DATA:
⟨
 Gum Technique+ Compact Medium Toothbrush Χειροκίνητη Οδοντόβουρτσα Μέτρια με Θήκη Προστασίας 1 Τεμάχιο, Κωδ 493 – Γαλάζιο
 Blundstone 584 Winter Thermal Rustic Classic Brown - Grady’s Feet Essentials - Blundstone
⟩
⟨
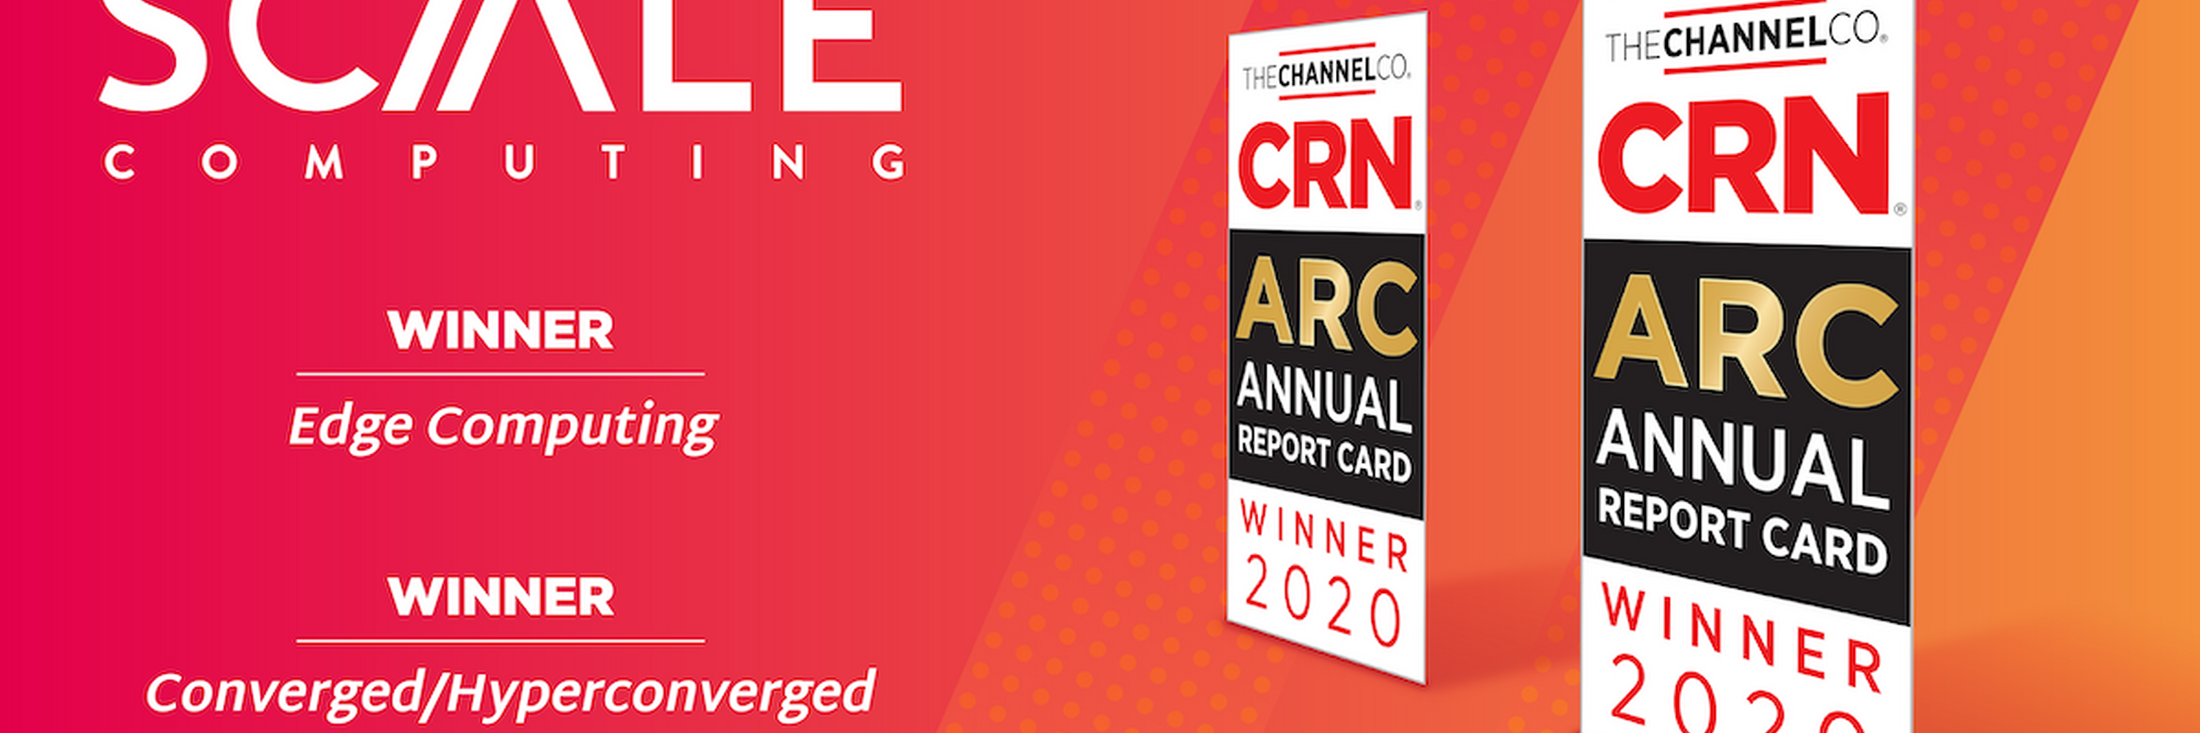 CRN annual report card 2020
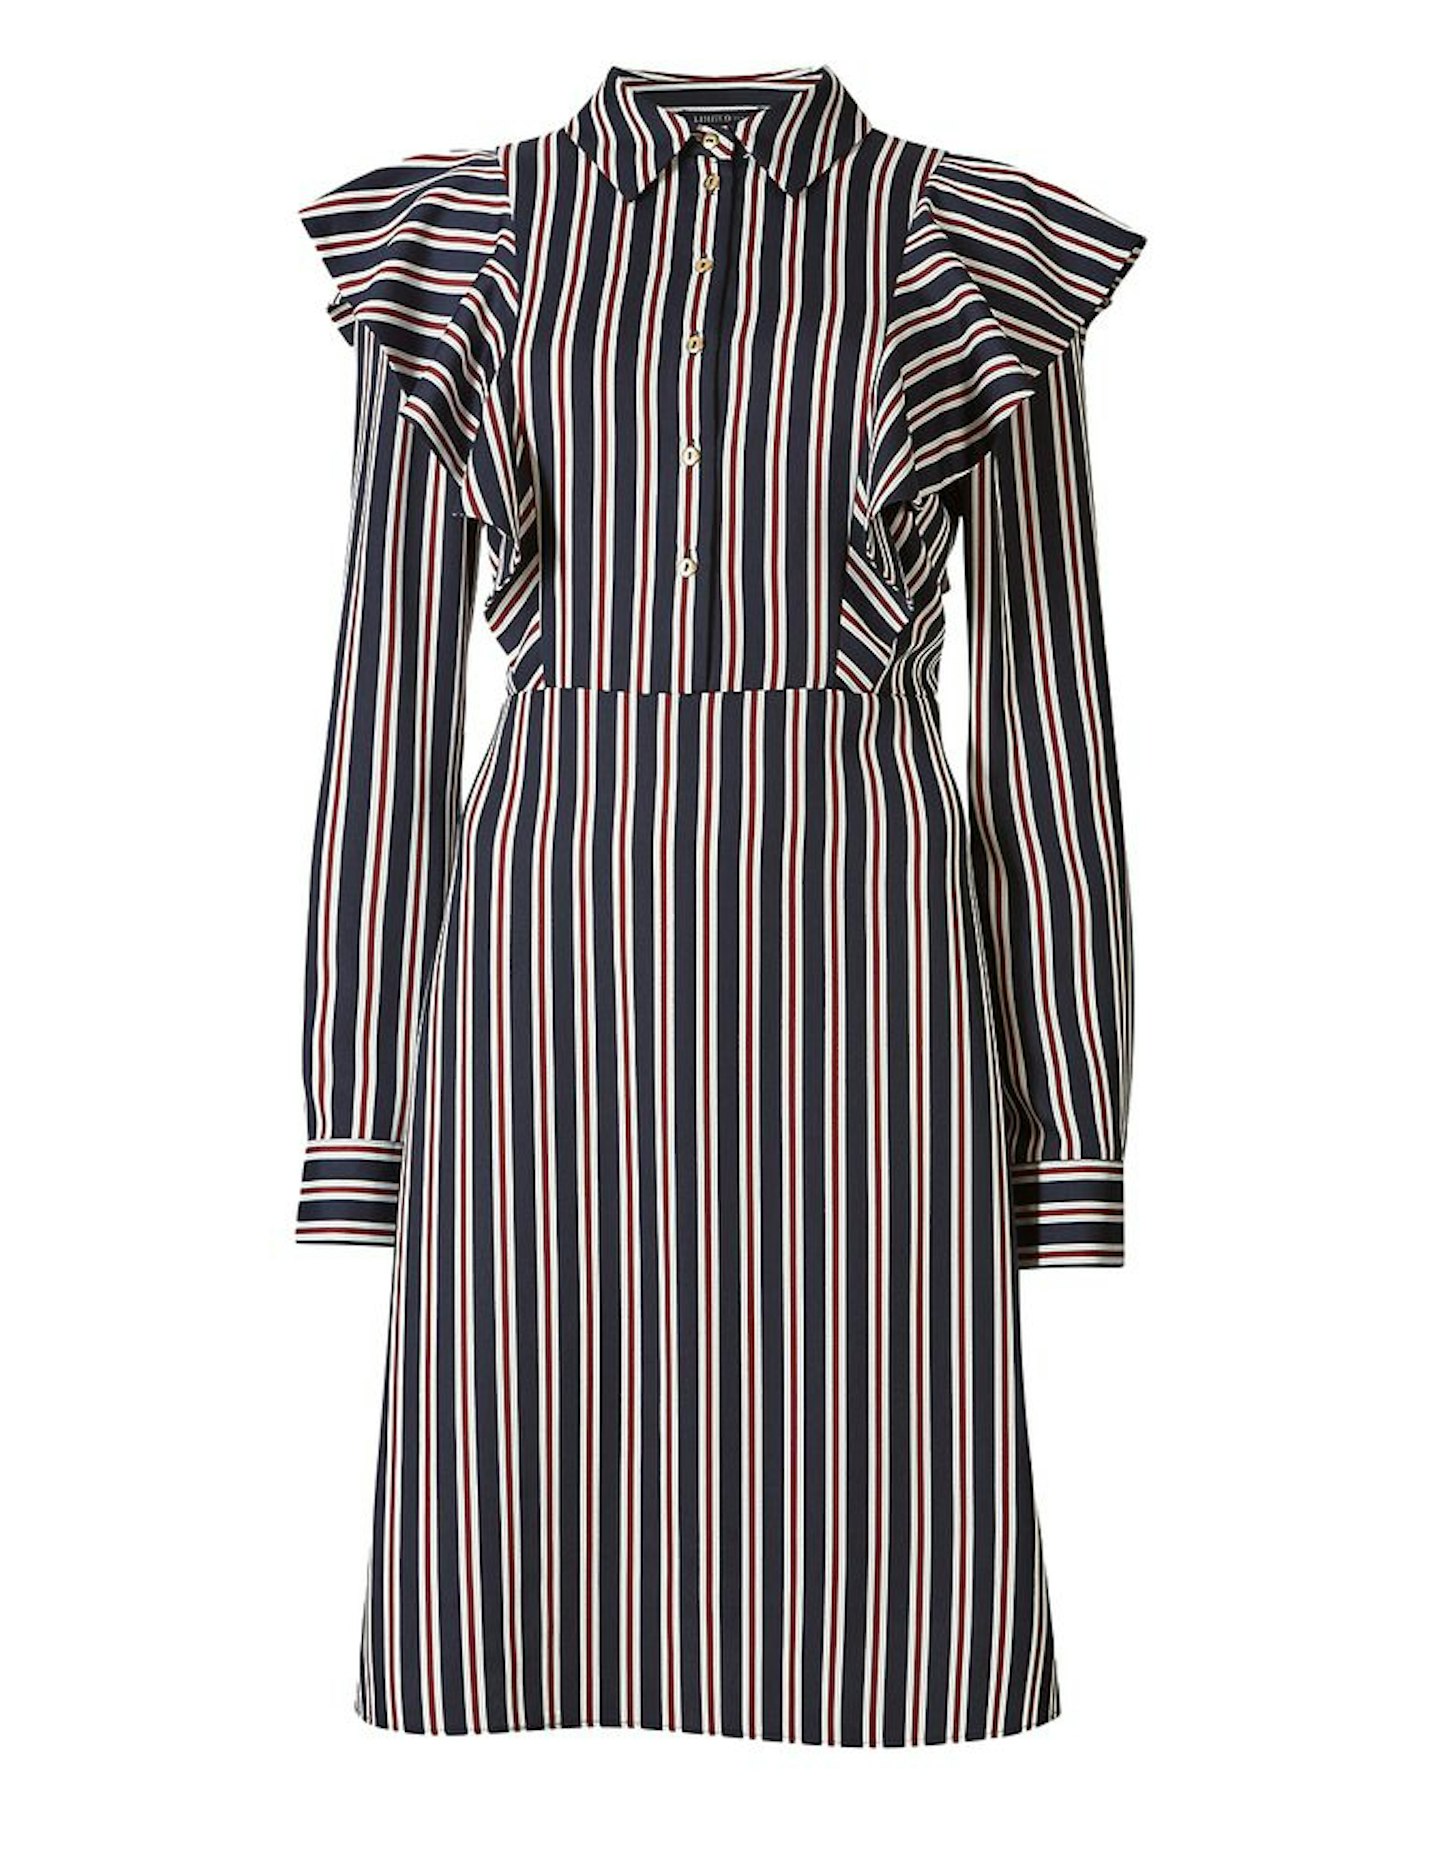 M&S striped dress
⟩
⟨
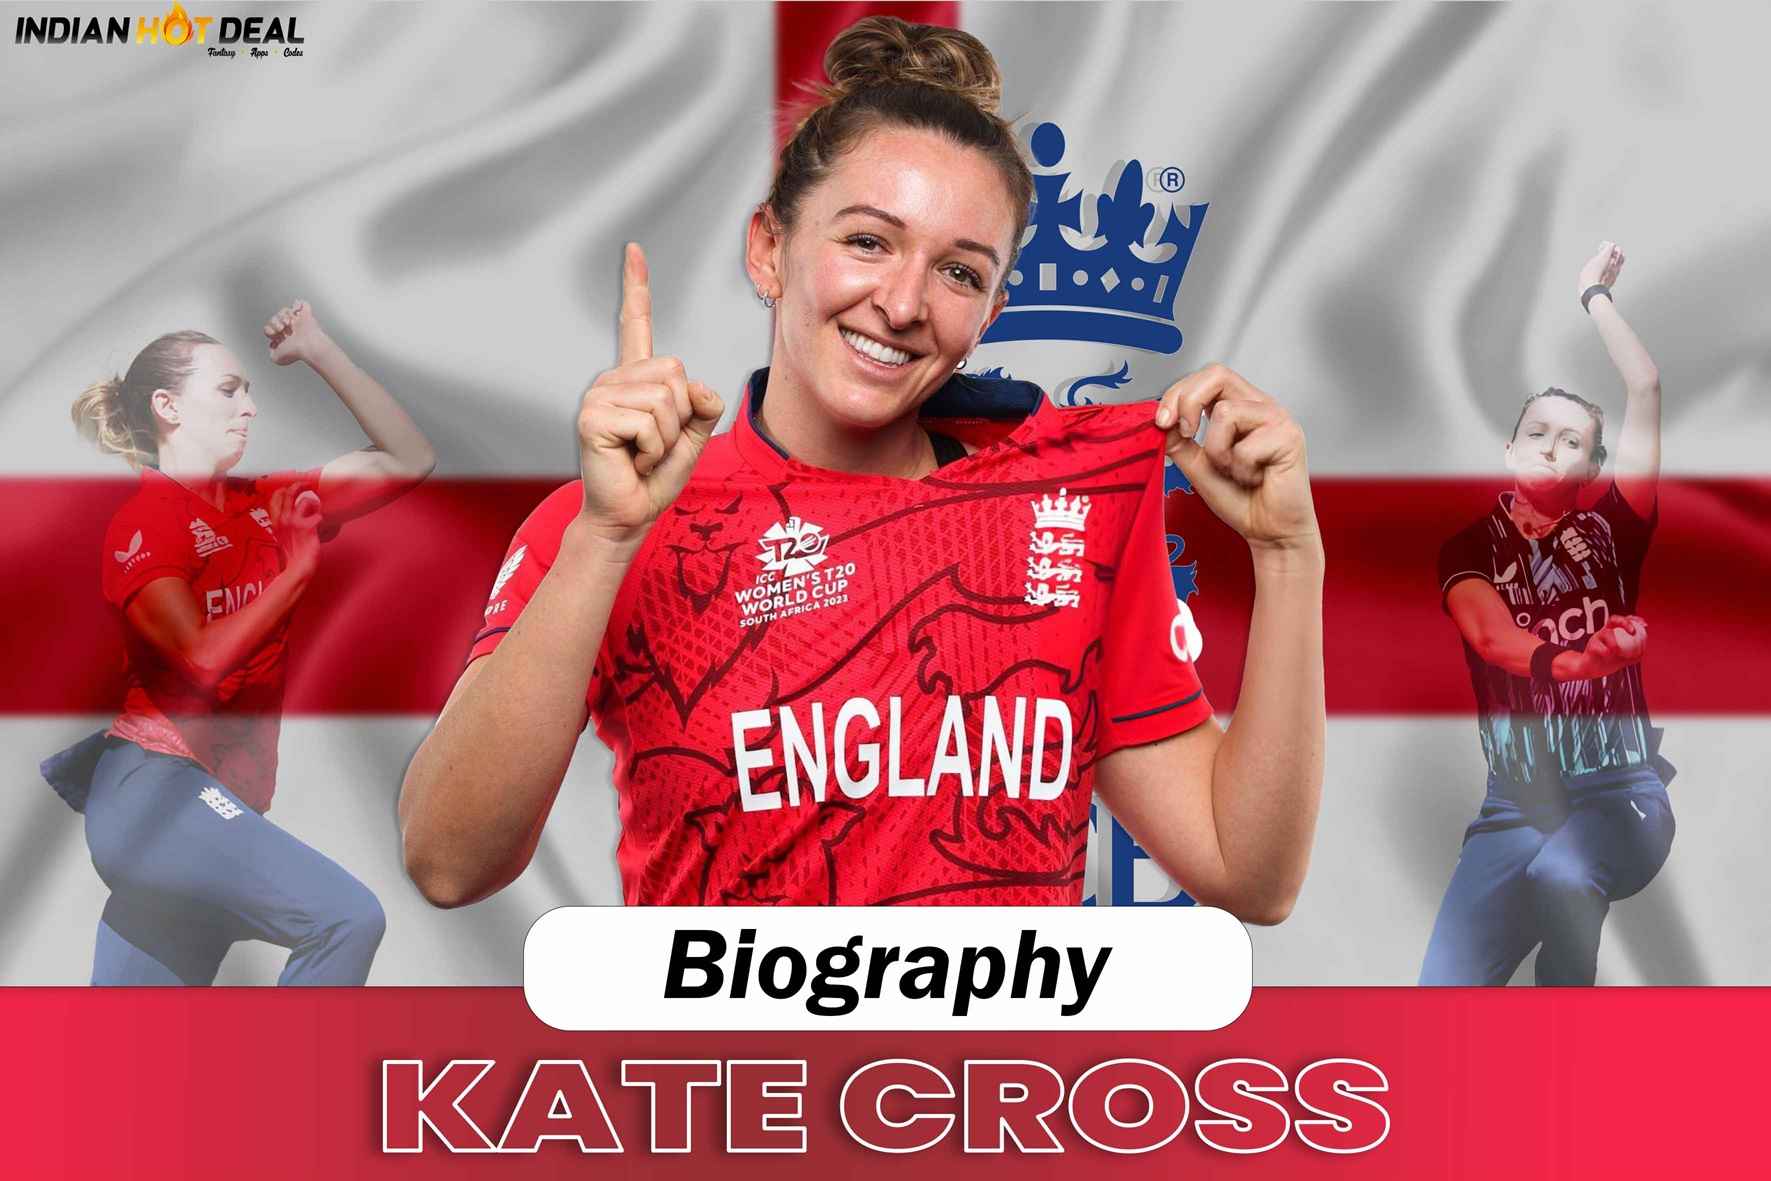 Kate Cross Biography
⟩
Among the entries above, copy exactly only the lines starting with the one containing "Gum Technique+ Compact" and going through the one containing "Blundstone 584 Winter", both ends included.

RESPONSE TO THIS TASK:
 Gum Technique+ Compact Medium Toothbrush Χειροκίνητη Οδοντόβουρτσα Μέτρια με Θήκη Προστασίας 1 Τεμάχιο, Κωδ 493 – Γαλάζιο
 Blundstone 584 Winter Thermal Rustic Classic Brown - Grady’s Feet Essentials - Blundstone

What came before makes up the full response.